I've known for a while now, that I'm going straight to hell.... a fact that never bothered me, till I actually found myself there, and now I'm scrabbling like a demented missionary in search of good deeds to inflict on unsuspecting friends, family members, and the general public in the forlorn hope that it will make up for all my lapses over the past 38 years, and save me from the hideous fate that will otherwise befall me.
New Year's at the Bandra gym (if you have visions of sweaty catholics weighed down by crosses as they perform unspeakable calisthenics, it's gymkhana, otherwise known to the English speaking world as a club). A slice of catholic hell of unsurpassed proportions, our distress rendered even more poignant given the hostess with the mostess we left behind and an inanely well marinated idiot at our table. I have spent many a new year in this city, in many a bizarre manner; on an obscenely bejeweled, shiny tanga, gatecrashing a stranger's very cool terrace party, blithely unaware of wardrobe malfunctions at Bombay gym (though I did wonder why i was so popular...!), in harmonious, reflective peace with a best friend on the crumbling stone walls edging the sea at Navy Nagar, getting pitzily stupid watching DD at home, giggling through a blackout at the President, being restrained from hurling myself into a pool......... I even have hazy memories of the Catholic gym at Marine Drive (I think?) coerced into the dastardly birdy dance with a floor full of morons.
But never, NEVER have I been subject to the utter misery that was New Year's at Bandra gym. The sight of mandatory appallingly dressed macs (always a handy way to alleviate boredom) jiving their guilt ridden hearts out (the fool at our table insisted that jiving is very difficult and is possible only with mac jeans. Given his abilities on the dance floor... {an event that cause the rest of us to rapidly distance ourselves}, paled when the band ran way as the President of the club deemed this year critical enough for a speech, only to return to the likes of Inglebert Humperdink and a floor choc full of mechanically gliding couples, who I swear were muttering 'one two three, one two three' under their breaths, which carried on interminably.

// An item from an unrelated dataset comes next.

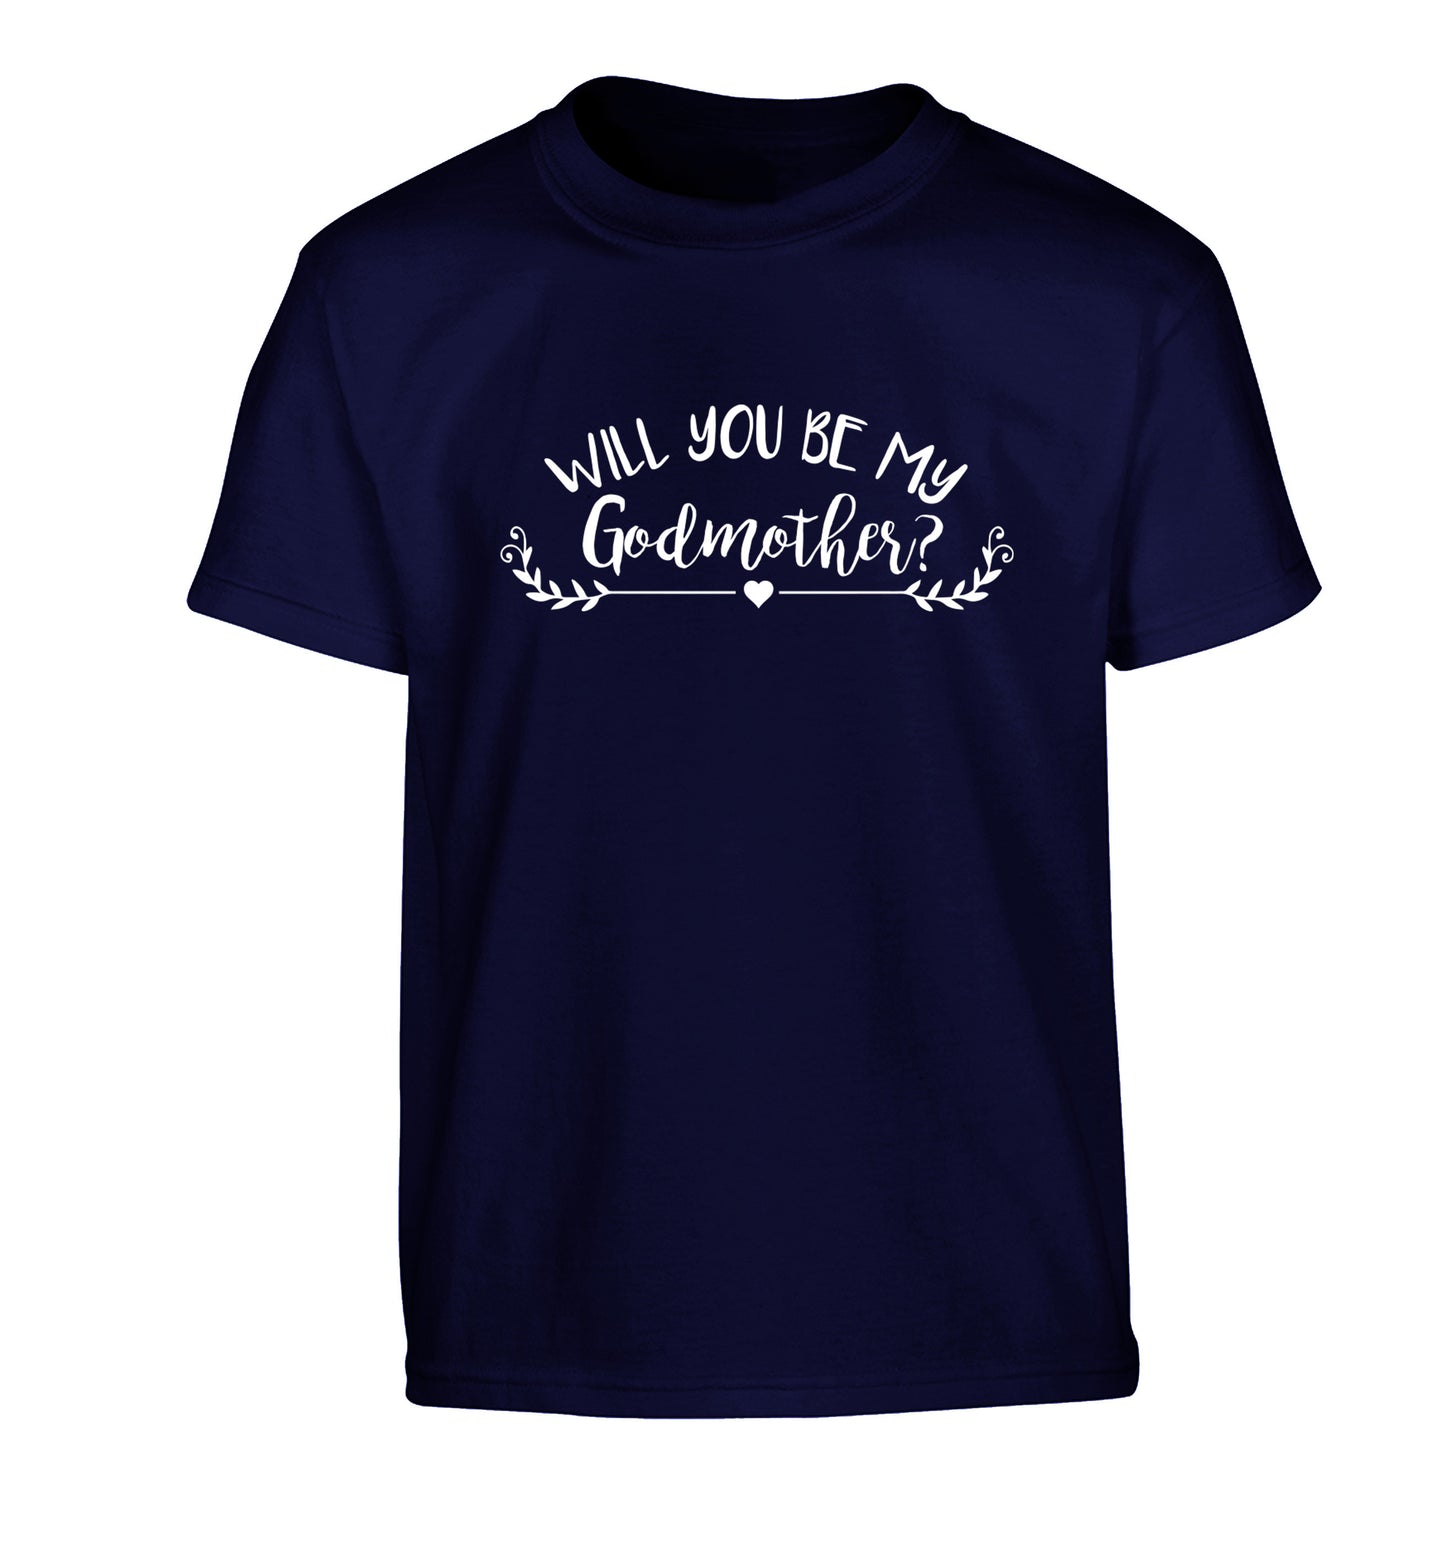 Will you be my godmother? Children's navy Tshirt 12-14 Years

Utterly defeated, Sarolta and I got romantic on the dance floor, which might have encouraged the band to lapse into a horribly laid back reggae tempo, leaving us flopping about the floor (tennis courts on an ordinary day) in vain, like washed out, inappropriately dressed Rastafarians (actually, it was the others that let us down - Csikoskar and I were rather in character...) in a submissive dance to the great God of joints. Naturally, the minute we managed to beg a ride back, the music turned to a more festive imitation of a conga! Typical!
Thank God for sinfully dark chocolate brownies, an encore pole dance and the indefatigable Bhraman mahilas!